Work item: Where the data below contains pictures, omit them; output the rest word for word.

Stored data:
Segment Open

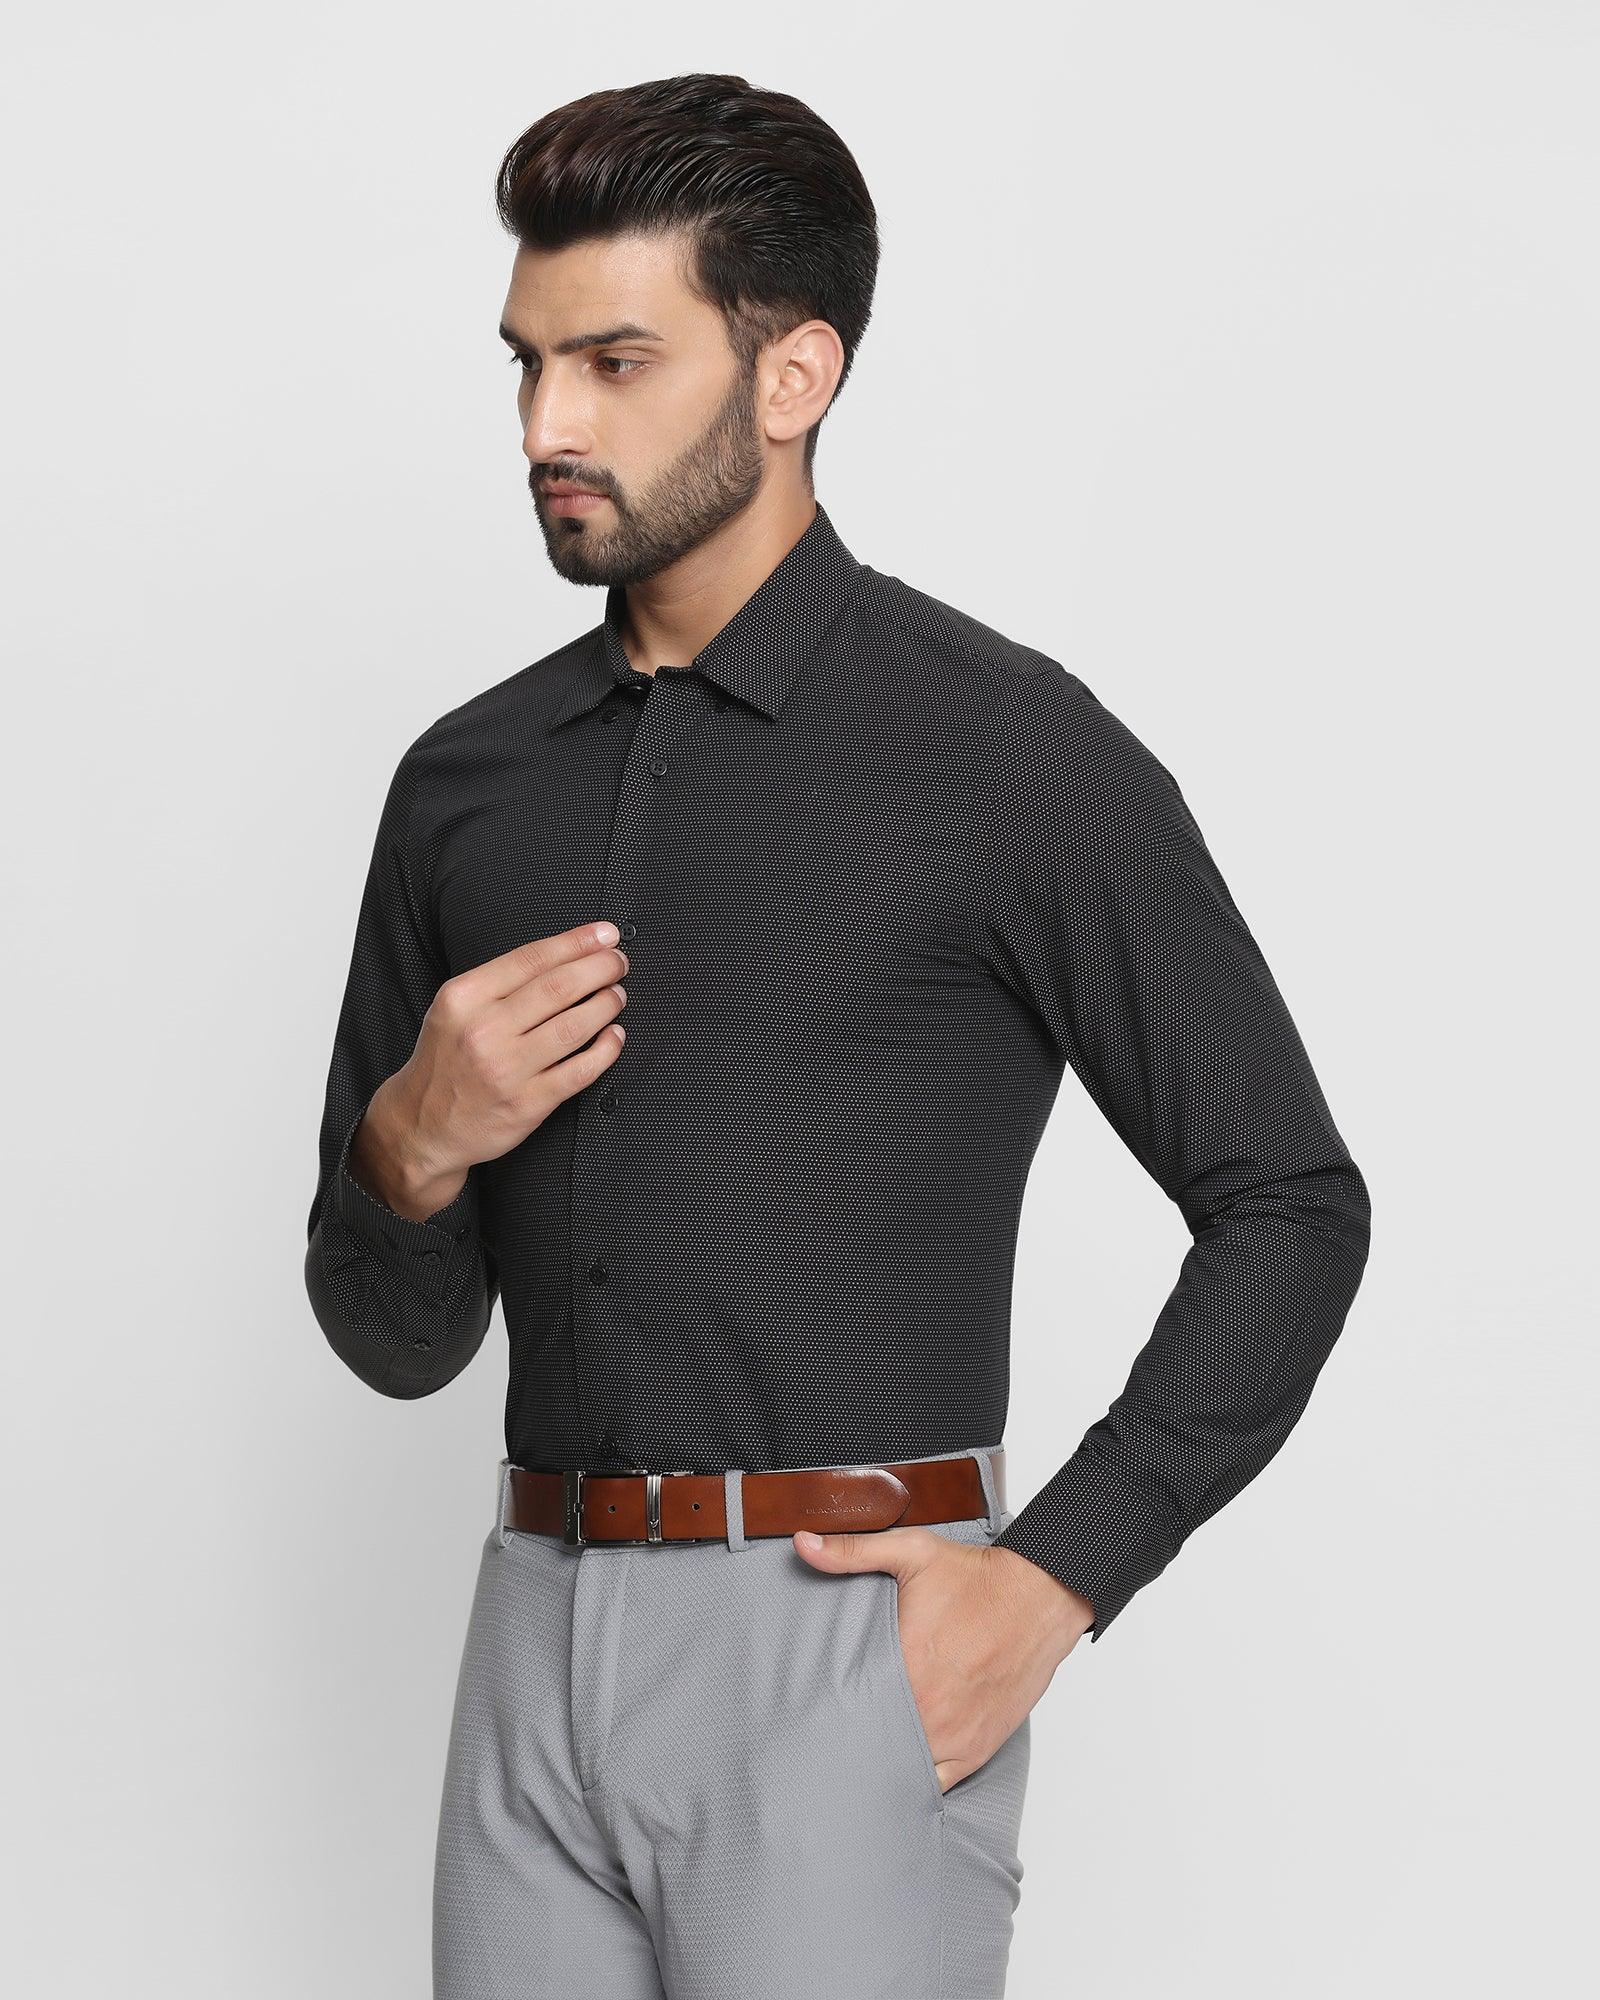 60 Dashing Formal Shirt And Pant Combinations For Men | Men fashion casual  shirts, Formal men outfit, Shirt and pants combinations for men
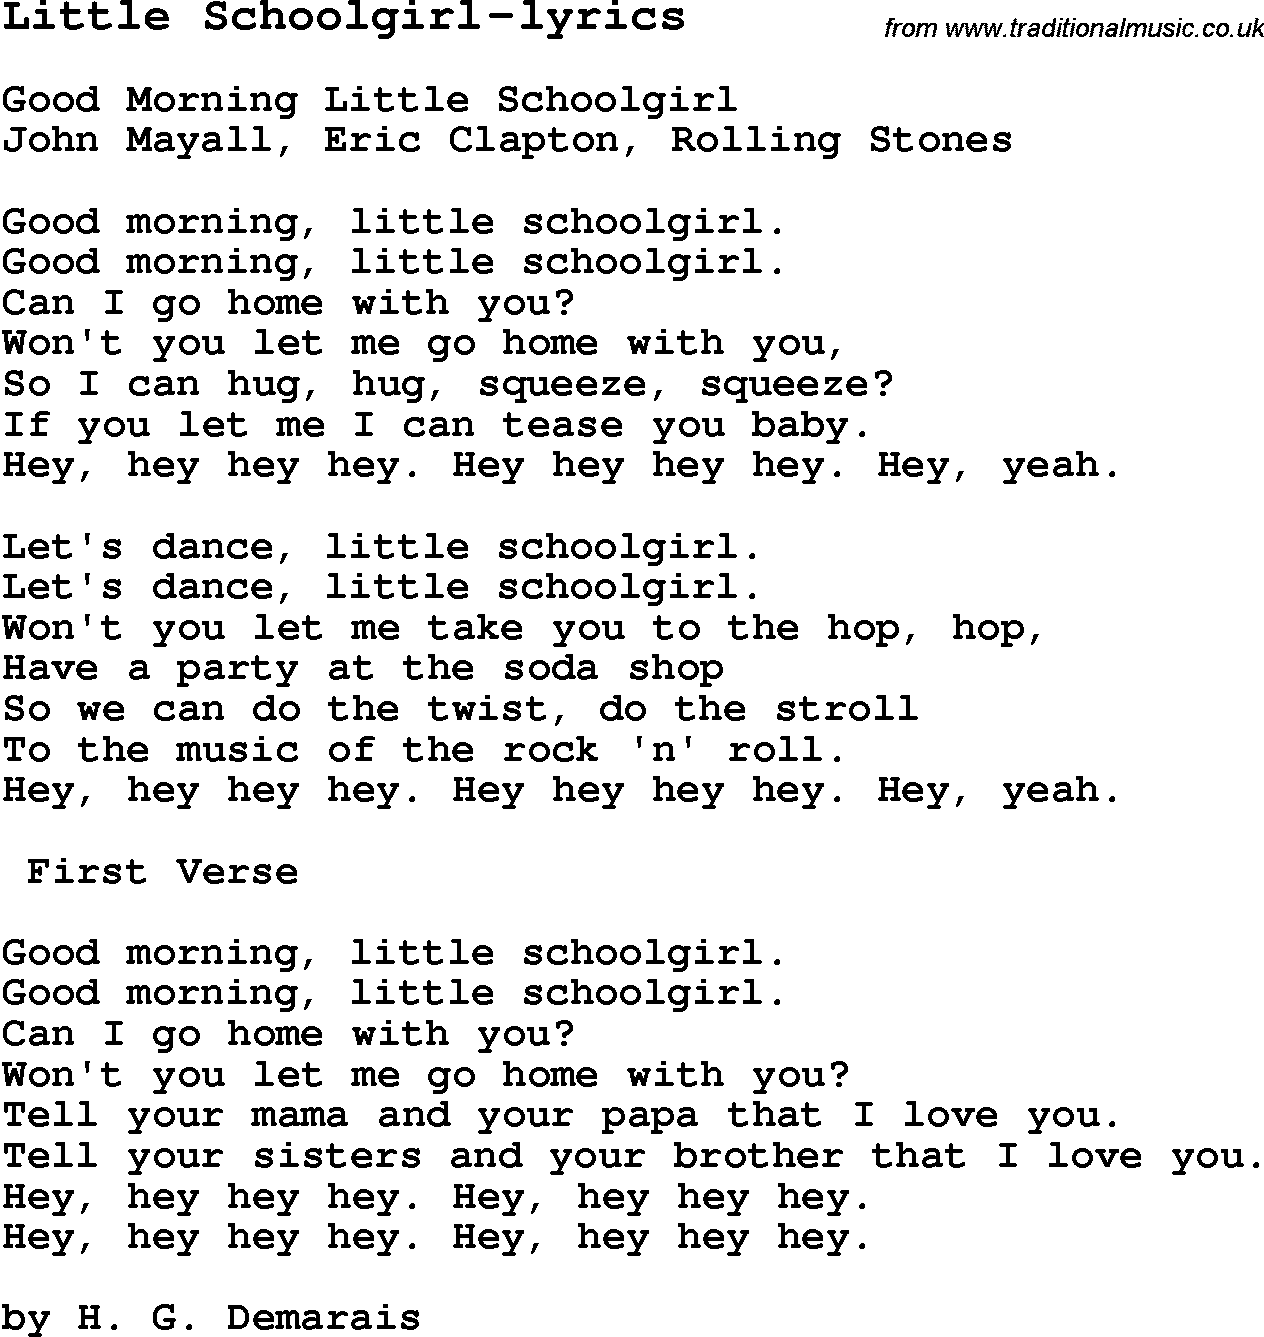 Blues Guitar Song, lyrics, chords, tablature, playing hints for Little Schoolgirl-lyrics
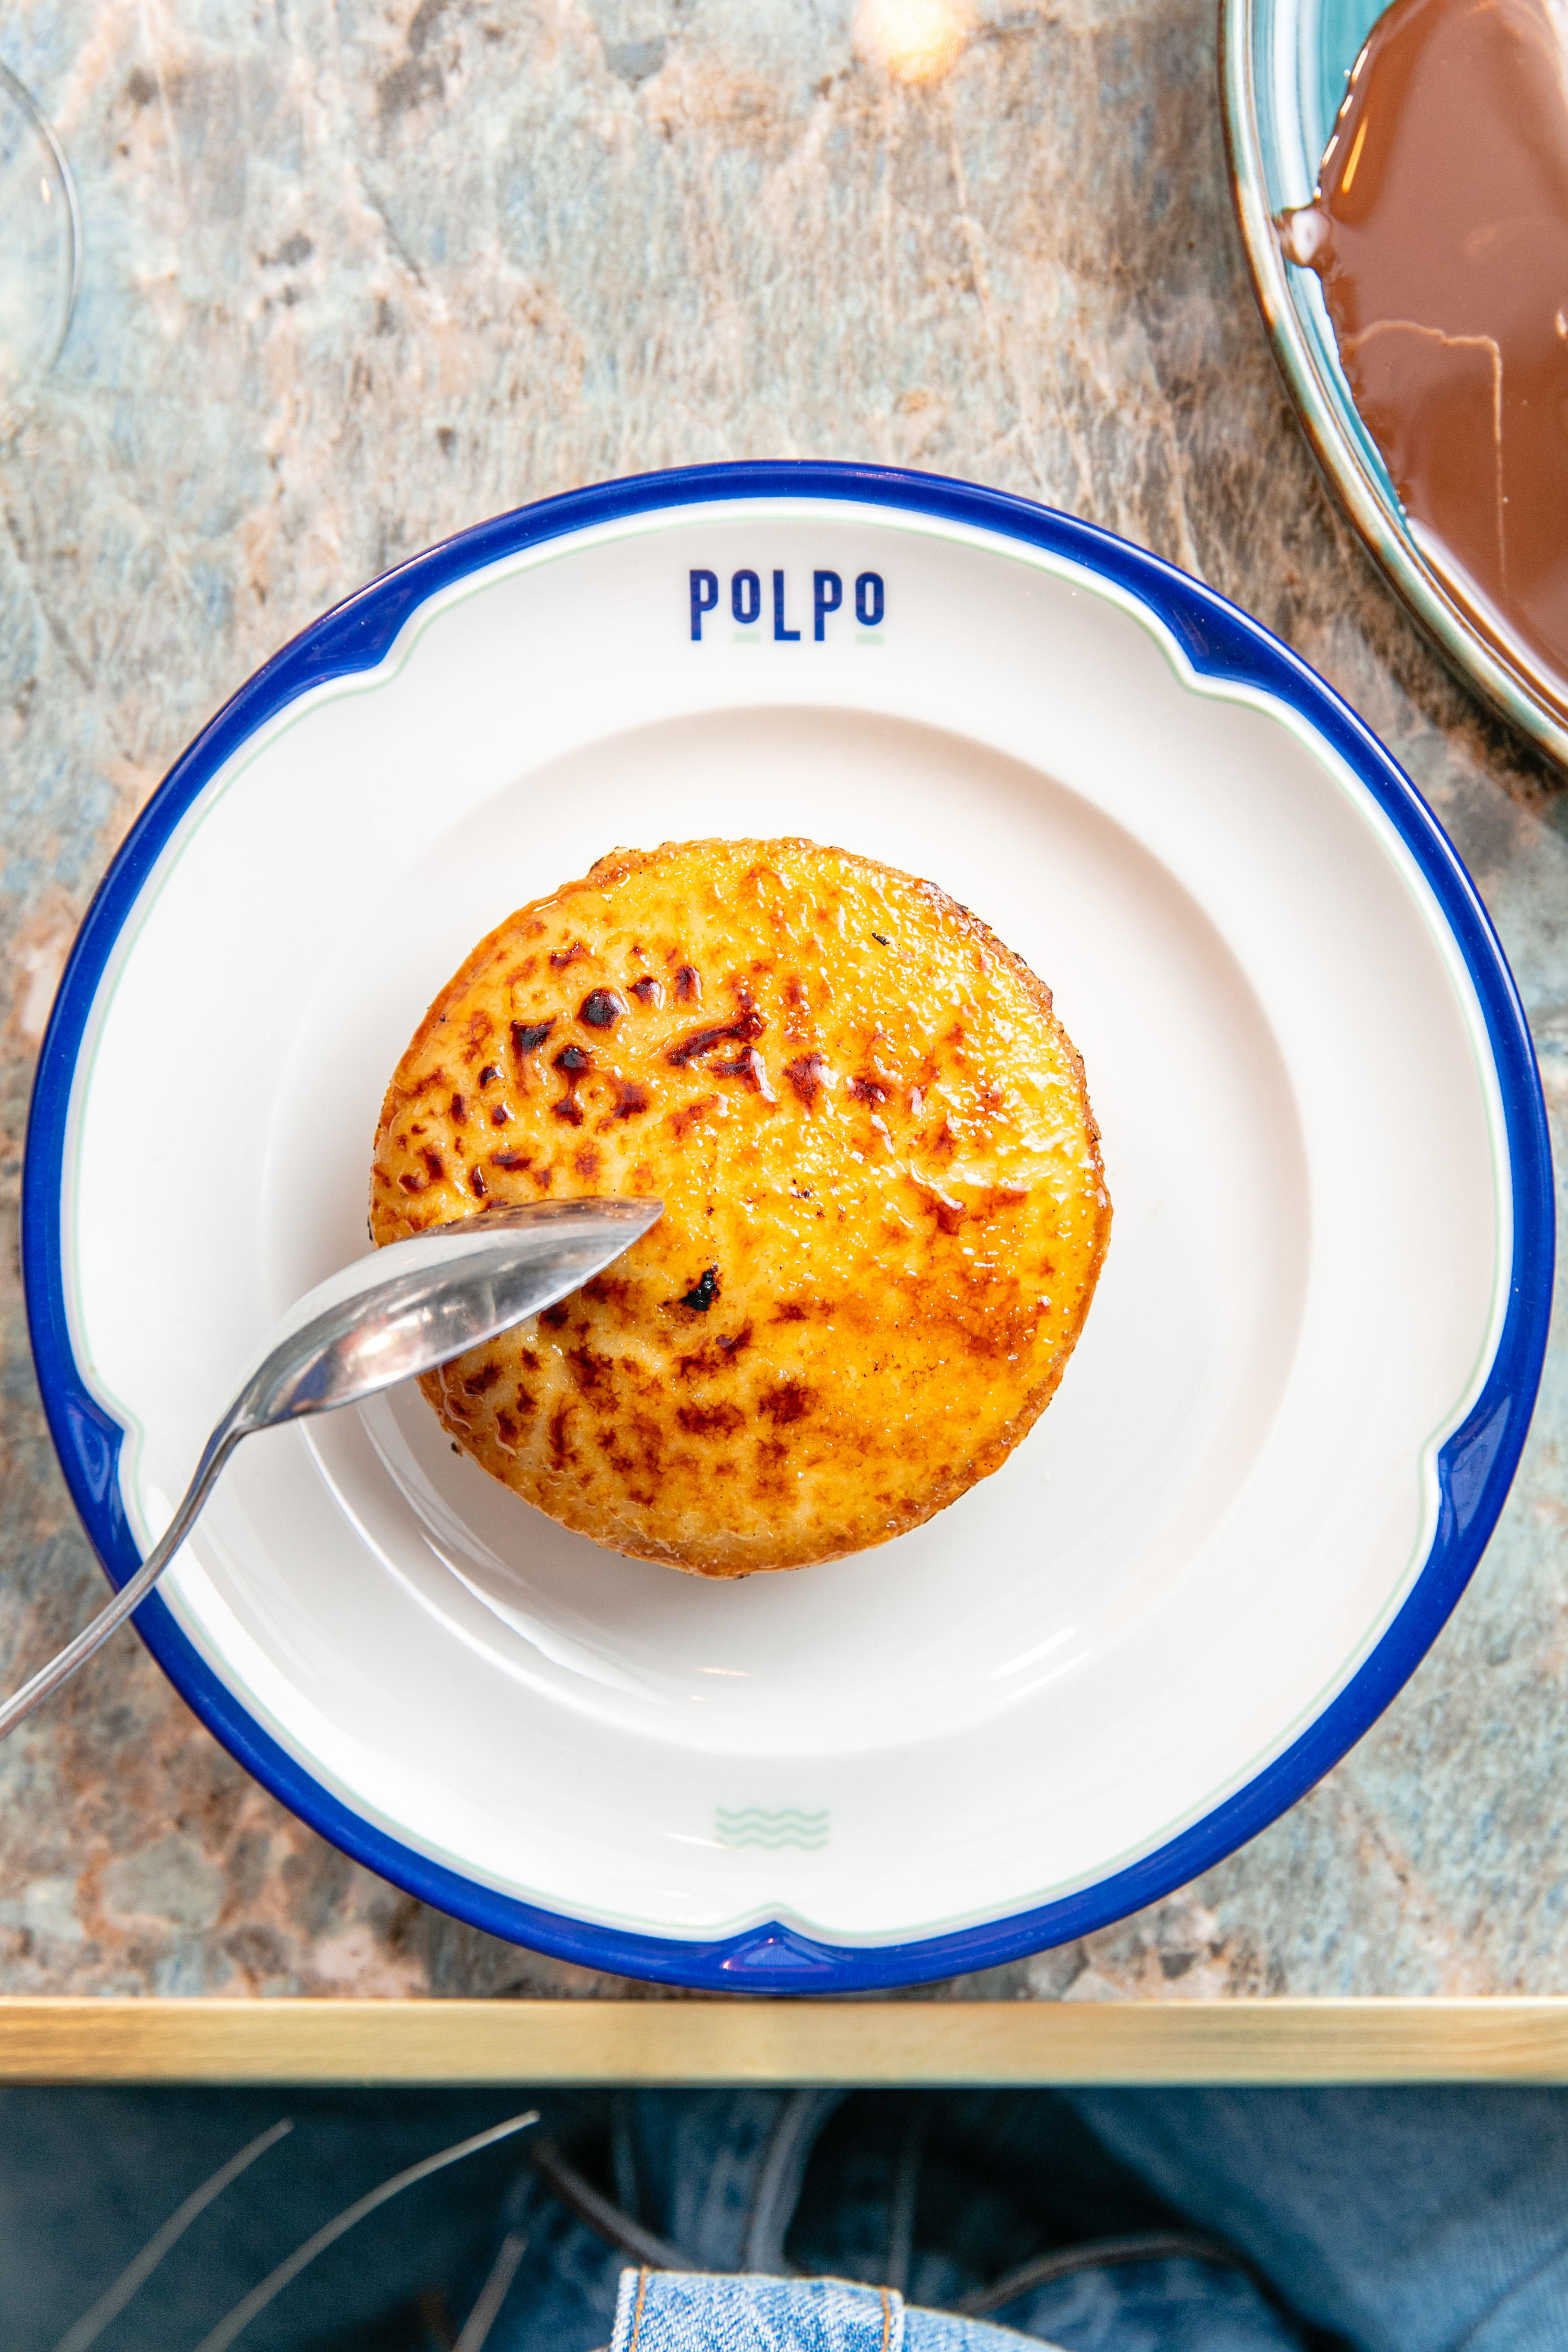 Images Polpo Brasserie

Segment Closed

Task answer:
 60 Dashing Formal Shirt And Pant Combinations For Men | Men fashion casual  shirts, Formal men outfit, Shirt and pants combinations for men
 Blues Guitar Song, lyrics, chords, tablature, playing hints for Little Schoolgirl-lyrics
 Images Polpo Brasserie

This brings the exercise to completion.